Pressie Duero - paulynn_collections

A totally alternative suggestion, you could go for a good aftermarket brand from the 10watches webstore. I can't link as it's a commercial site, but they are very well known in the trade for Seiko modification parts. They do have some pepsi bezels, you'll have to check whether they are 7002 (and indeed 6309) compliant.

Also, aftermarket mod wise - Yobokies.

Lastly, a long shot - try Peter Kuhn in Australia, I have purchased genuine 6309 gaskets and other parts from him in the past, new sealed Seiko packets.

If I think of anything else, I'll update this post mate.

cheers, Howard


----------



## howie77 (Jun 21, 2009)

Also, as regards your link, you are right to be sceptical - the 7002 bezel being discontinued it seems incongruous to then see one advertised as 'Brand NEW Replacement' - rather than say NOS. This kind of packaging - 'Original' and 'Genuine Seiko Part' really gets on my goat!!


----------



## jasonm (Nov 22, 2003)

The Ebay ones are all aftermarket Im afraid......
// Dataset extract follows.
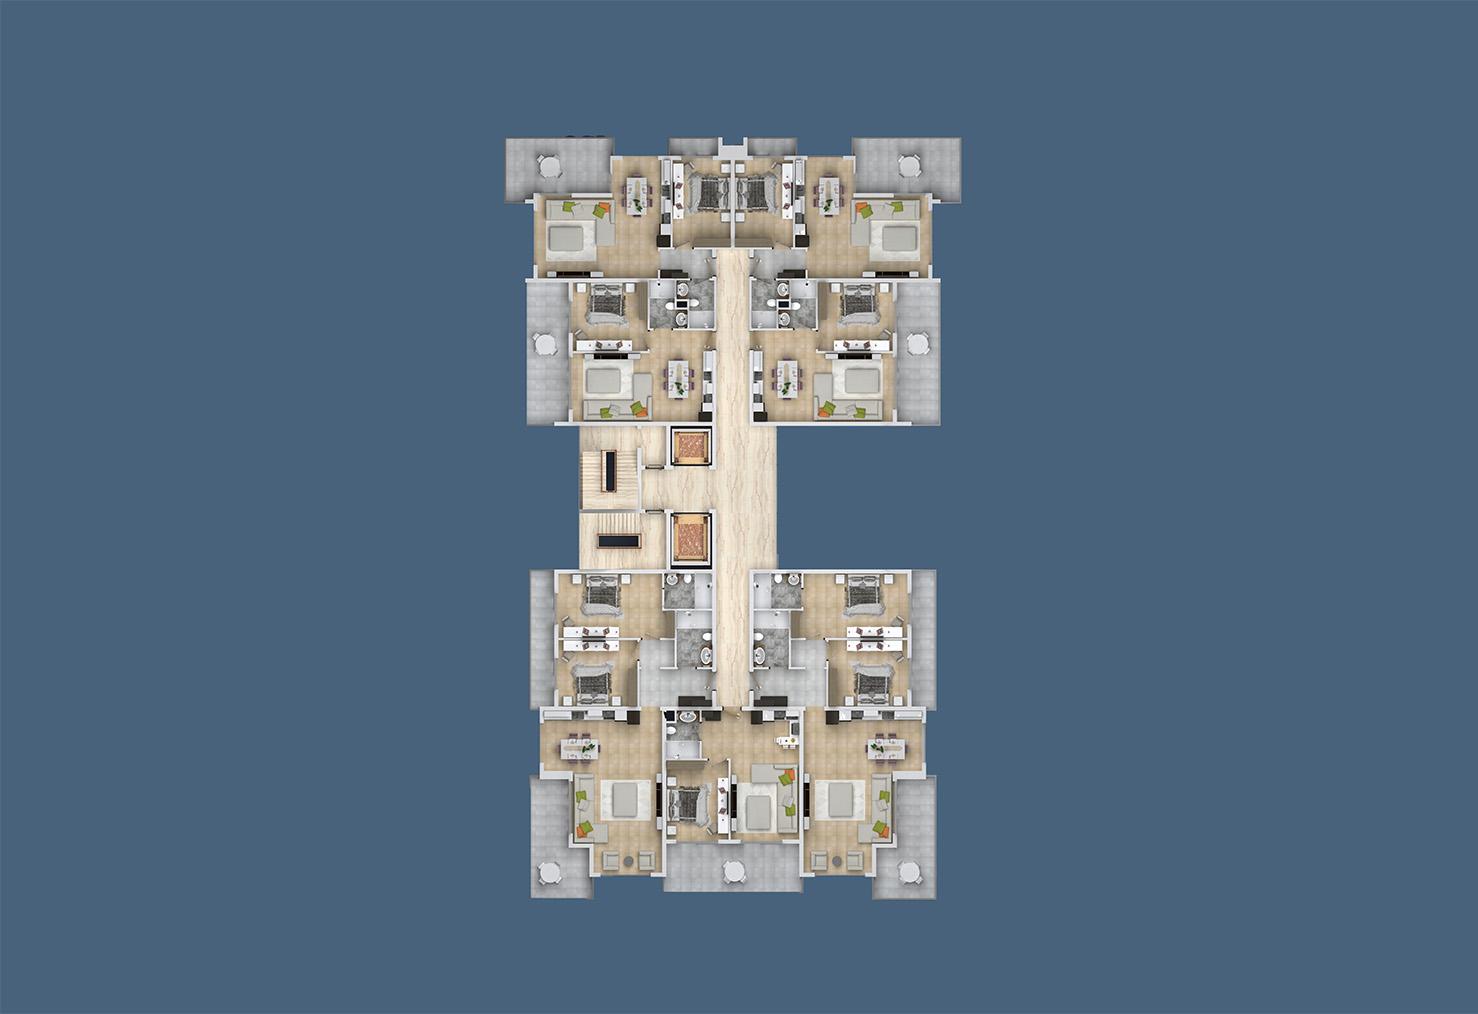 Floor plans of apartments 6 floor «B» Yekta Kingdom Trade Center
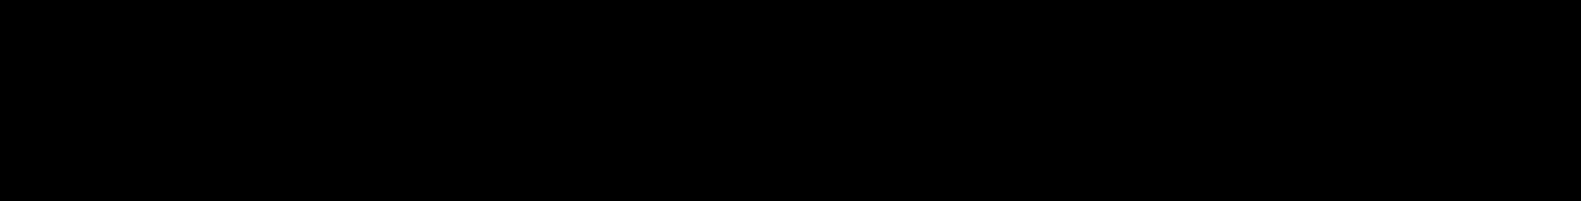 Psychatronic Oblique

Im reasonably sure that Seiko never sold inserts on their own, the bezel and insert came as one piece....


----------



## amh82 (Dec 5, 2011)

Howard, you're a star - thanks for all those contacts, i'll give them a look.

As for the bezel, i already checked  It's the original 60 click bi-directional one. I think that for the 120 click bezel you'd need the later case because it has two balls on the case, but still a 60 click bezel, but the two balls are offset to give 120 clicks. That's what I read anyway.

I like the black insert in fairness, was just thinking of originality. Sad!!

Jason - thanks for that. The bezel is actually in pretty good condition, nice & tight so i'd rather just replace the insert. If that means aftermarket then maybe defies the point in changing!!


----------



## howie77 (Jun 21, 2009)

No worries mate, but Jason is right on the money far as I know too so it does point to those packets being all the more aftermarket despite their claims!

Anyway, be interesting to see what luck you might have. I'd be cautious over using an SKX009 insert just as an aside - you've probably already read this - but they're not guaranteed to fit from what I have read. I think it might be that for people who have had success fitting SKX bezel insert, perhaps it's to the later model - that's a guess though!

cheers, H

edit - just regarding the Philippines, usual provisos; google name and store name, check out customer reports (quite a few over at WUS - but generally these names are guys who have stood out as being fairly good from the reports I've read), and also be quite clear what you're asking for in terms of condition/originality just to overcome any potential language barrier... you know the drill etc etc :thumbsup:


----------